Deploy the gpu-operator helm chart on AWS EKS

Question

Pulumi · Accepted Answer

To deploy the GPU Operator helm chart on AWS Elastic Kubernetes Service (EKS), follow these steps:

### Prerequisites

Before you begin, ensure you have:

- An AWS account with appropriate permissions to create EKS clusters, IAM roles, and EC2 instances with GPUs.
- Pulumi CLI installed and configured with your AWS credentials.
- Helm CLI installed on your machine, if you wish to inspect the helm chart locally.
- kubectl CLI installed on your machine to interact with your Kubernetes cluster.
  
### Overview

We're going to create an EKS cluster on AWS and then use the Helm chart for the GPU Operator to facilitate the management of NVIDIA GPU devices in the Kubernetes cluster. The GPU Operator uses NVIDIA's driver container, device plugin for Kubernetes, container runtime, and others, which are encapsulated in Helm charts to manage GPU nodes efficiently.

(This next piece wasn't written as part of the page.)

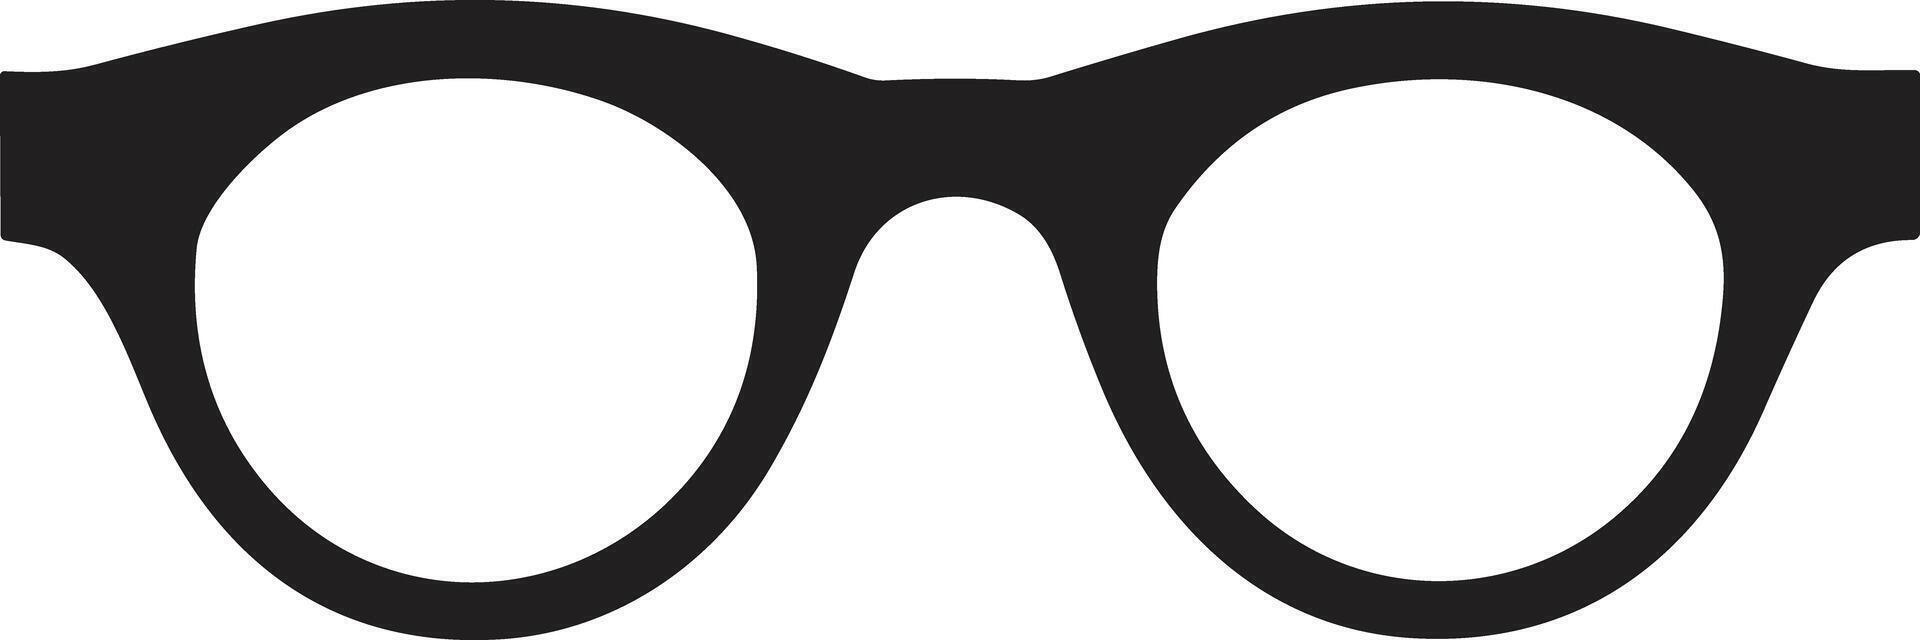 bril logo of insigne in wijnoogst of retro stijl vector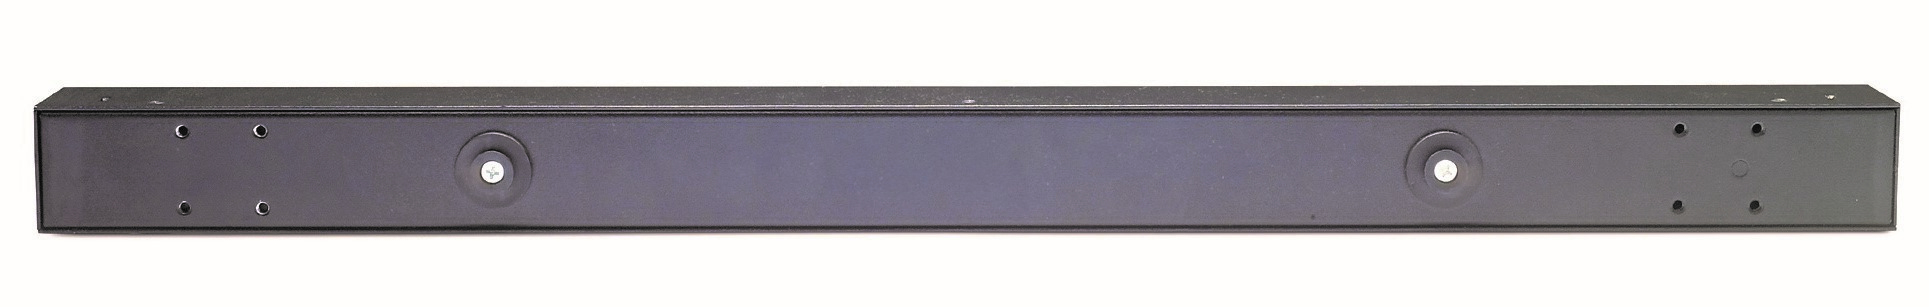 APC Basic Rack PDU Zero U - Steckdosenleiste (Rack - einbaufähig)

Here's a step-by-step Pulumi program that will:

1. Provision an EKS cluster with GPU-enabled nodes.
2. Deploy the GPU Operator helm chart to the cluster.

### Pulumi Program

```typescript
import * as pulumi from "@pulumi/pulumi";
import * as eks from "@pulumi/eks";
import * as k8s from "@pulumi/kubernetes";

// Step 1: Create an EKS cluster with GPU-enabled nodes.
const cluster = new eks.Cluster("gpu-cluster", {
    instanceType: "p2.xlarge", // Example GPU instance, ensure you have limits for this type.
    desiredCapacity: 1,        // Number of GPU instances.
    minSize: 1,
    maxSize: 2,
    deployDashboard: false,    // Dashboard is optional.
});

// Step 2: Deploy the GPU Operator using a Helm Chart.
const gpuOperatorChart = new k8s.helm.v3.Chart("gpu-operator", {
    chart: "gpu-operator",
    version: "1.7.0",  // Replace with desired version of GPU Operator Helm chart.
    namespace: "gpu-operator",  // The namespace to deploy the GPU Operator into.
    fetchOpts: { 
        repo: "https://nvidia.github.io/gpu-operator", // Repository for GPU Operator Helm chart.
    },
}, { provider: cluster.provider });

// Export the cluster's kubeconfig.
export const kubeconfig = cluster.kubeconfig;

// Export the GPU Operator Helm chart resources.
export const gpuOperatorResources = gpuOperatorChart.resources;
```

### Explanation

- **eks.Cluster**: Creates a managed Kubernetes cluster on AWS. Here we specify an instance type that is GPU capable. [`eks.Cluster`](https://www.pulumi.com/registry/packages/eks/api-docs/cluster/)
  
- **k8s.helm.v3.Chart**: Deploys Helm charts in your Kubernetes cluster. In this case, we're deploying the `gpu-operator` Helm chart. Helm is a package manager for Kubernetes that allows you to package, configure, and manage Kubernetes resources. [`k8s.helm.v3.Chart`](https://www.pulumi.com/registry/packages/kubernetes/api-docs/helm.sh/v3/chart/)

#### Next Steps

1. Run `pulumi up` to deploy both the EKS cluster and the GPU Operator to it.
1. Once the deployment is complete, you can use `kubectl` with the kubeconfig file to manage the Kubernetes resources.
1. You should see the GPU Operator pods running in the `gpu-operator` namespace.
1. You can also use the Pulumi console to view the status of your deployments and inspect the resources created.

Remember, managing cloud resources via Pulumi incurs costs according to the pricing policies of the cloud provider you're using; AWS in this case. Always clean up resources when they're no longer needed with `pulumi destroy` to avoid unnecessary charges.